Facebook Founder Mark Zuckerberg Might Face $2 Billion Tax Bill
Posted by AccountingWEB in Tax, Income Tax, Celebrity News on 02/15/2012 - 10:24
- Zuckerberg owns 414 million shares of Facebook.
- He holds options to buy another 120 million shares at 6 cents each.
- He'll have to pay taxes on the difference between 6 cents and market value on the day he exercises his options.
By AccountingWEB Staff
Facebook founder Mark Zuckerberg may face a tax bill of $2 billion by taking his company public.
Why so high? Tax experts say it's because of his plan to exercise stock options. According to CNNMoney, he owns 414 million shares of Facebook but also holds options to buy another 120 million shares at 6 cents apiece. Facebook said in its Initial Public Offering (IPO) paperwork that it values its shares at $29.73, so that means Zuckerberg will have to pay taxes on the difference between 6 cents and the market value on the day he exercises his options. At the $29.73 price, the options would be worth about $3.6 billion.
The Wall Street Journal reported that he'll be one of the biggest taxpayers in 2012 or 2013, since the 400 top earners in the United States paid an average of $48 million each in taxes.
To cover the tax bill, he plans to sell some of his shares - a move that's a smart one, according to Stan Pollock, a San Francisco CPA who specializes in stock options planning. "We learned from the dot-com bust that people should do it that way - sell shares to cover the tax bill." The value of stock options is set the day the option is exercised. Many tech workers didn't sell and then saw the value drop. "A lot of people were stuck with huge tax bills and no money to pay the bills," Pollock told CNNMoney.
Zuckerberg's tax bill raises other questions, such as the amount of income tax he'll pay on the rest of the stock that he doesn't sell immediately. The answer? Possibly none. He can follow the lead of Oracle CEO Lawrence J. Ellison and use his stock as collateral to borrow against his wealth and pay nothing in taxes. This is according to The New York Times op-ed columnist and tax lawyer, David S. Miller, who noted that Ellison borrowed more than a billion dollars against his shares and bought a yacht - one of the priciest in the world.
Theoretically, Zuckerberg could keep his shares, avoid all income tax, and then pass them on to heirs at his death. When they sell, the tax will only relate to the appreciation since Zuckerberg's death.
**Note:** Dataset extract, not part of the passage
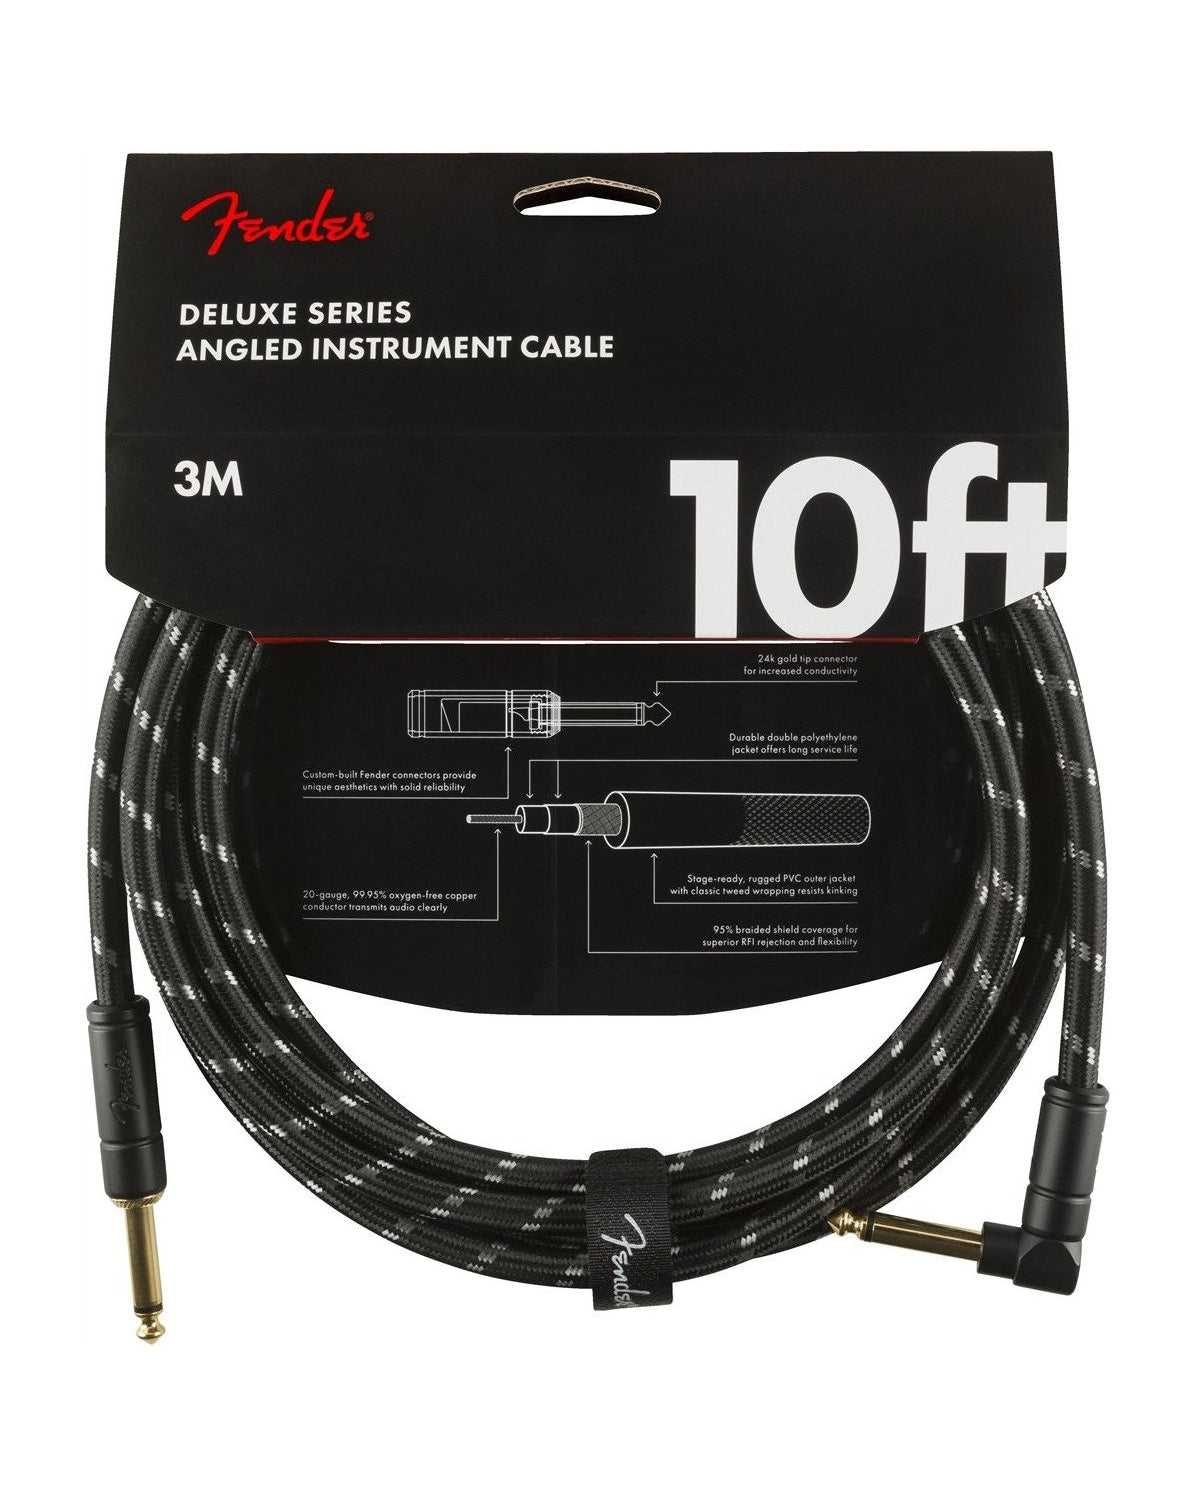 Front of Fender Deluxe Series Instrument Cable in packaging 
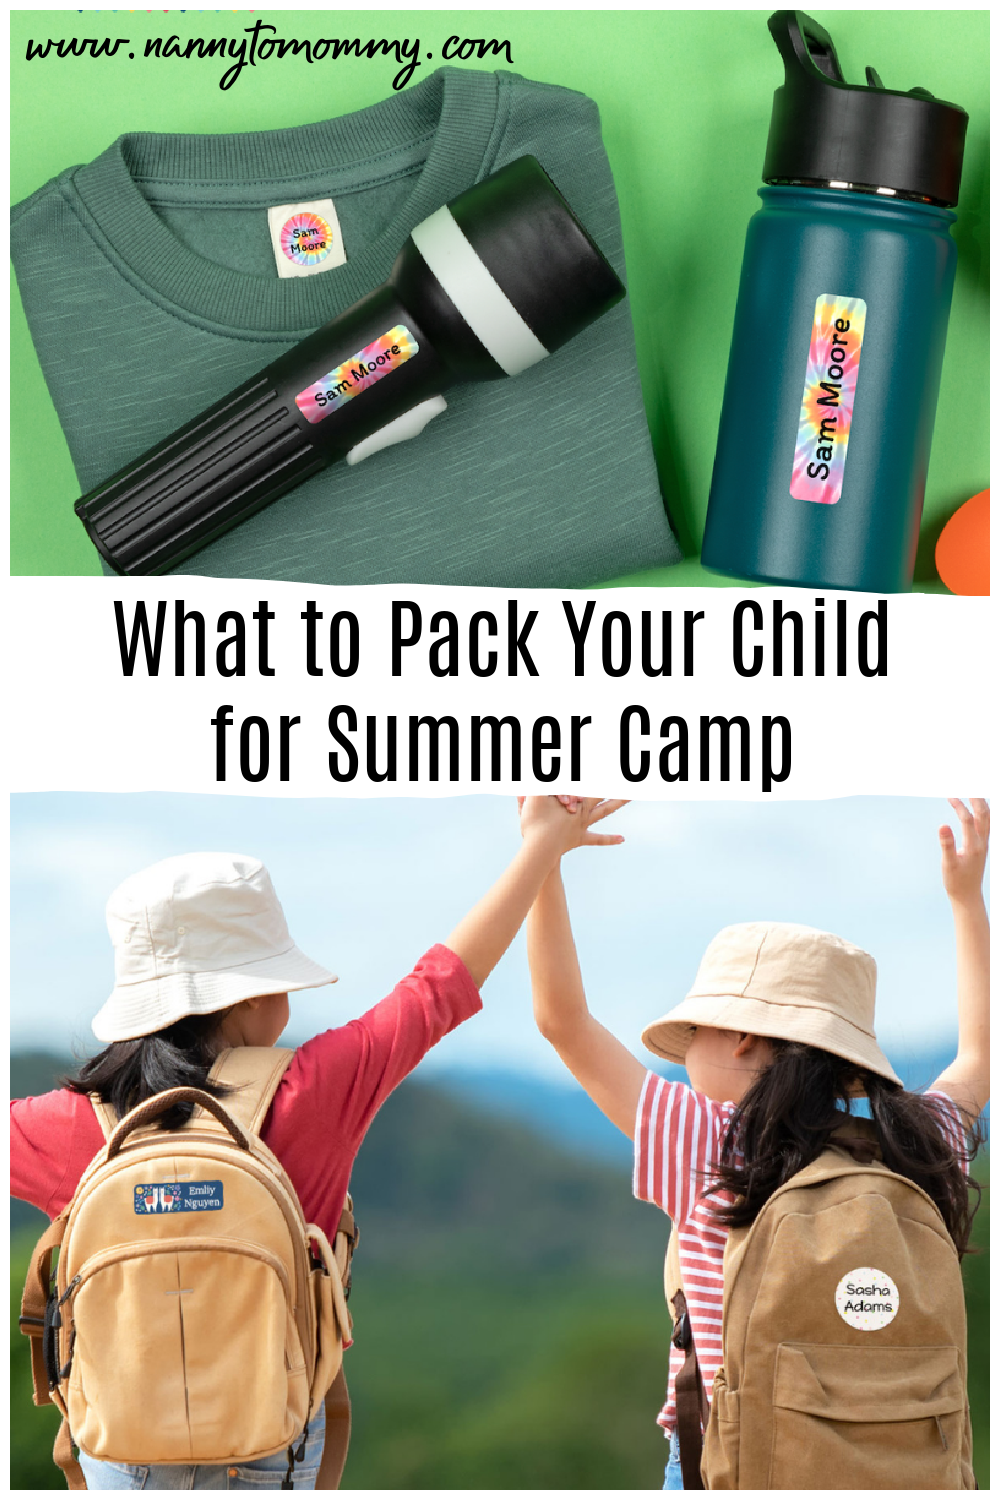 What to Pack Your Child for Summer Camp

Miller, therefore, called for a tax code change that would require the "super wealthy," like Zuckerberg, to pay "at least a little income tax on their unsold shares" through mark-to-market taxation.
One lawmaker isn't happy about what he calls the "stock option loophole." The IRS allows companies to deduct stock option values when exercised. Facebook estimated that the deduction will eliminate the tax bill for its profits of $1 billion in 2011.
US Senator Carl Levin (D-Mich) told the Times, "When profitable corporations can use the stock option tax deduction to pay zero corporate income taxes for years on end, average taxpayers are forced to pick up the tax burden. It isn't right, and we can't afford it."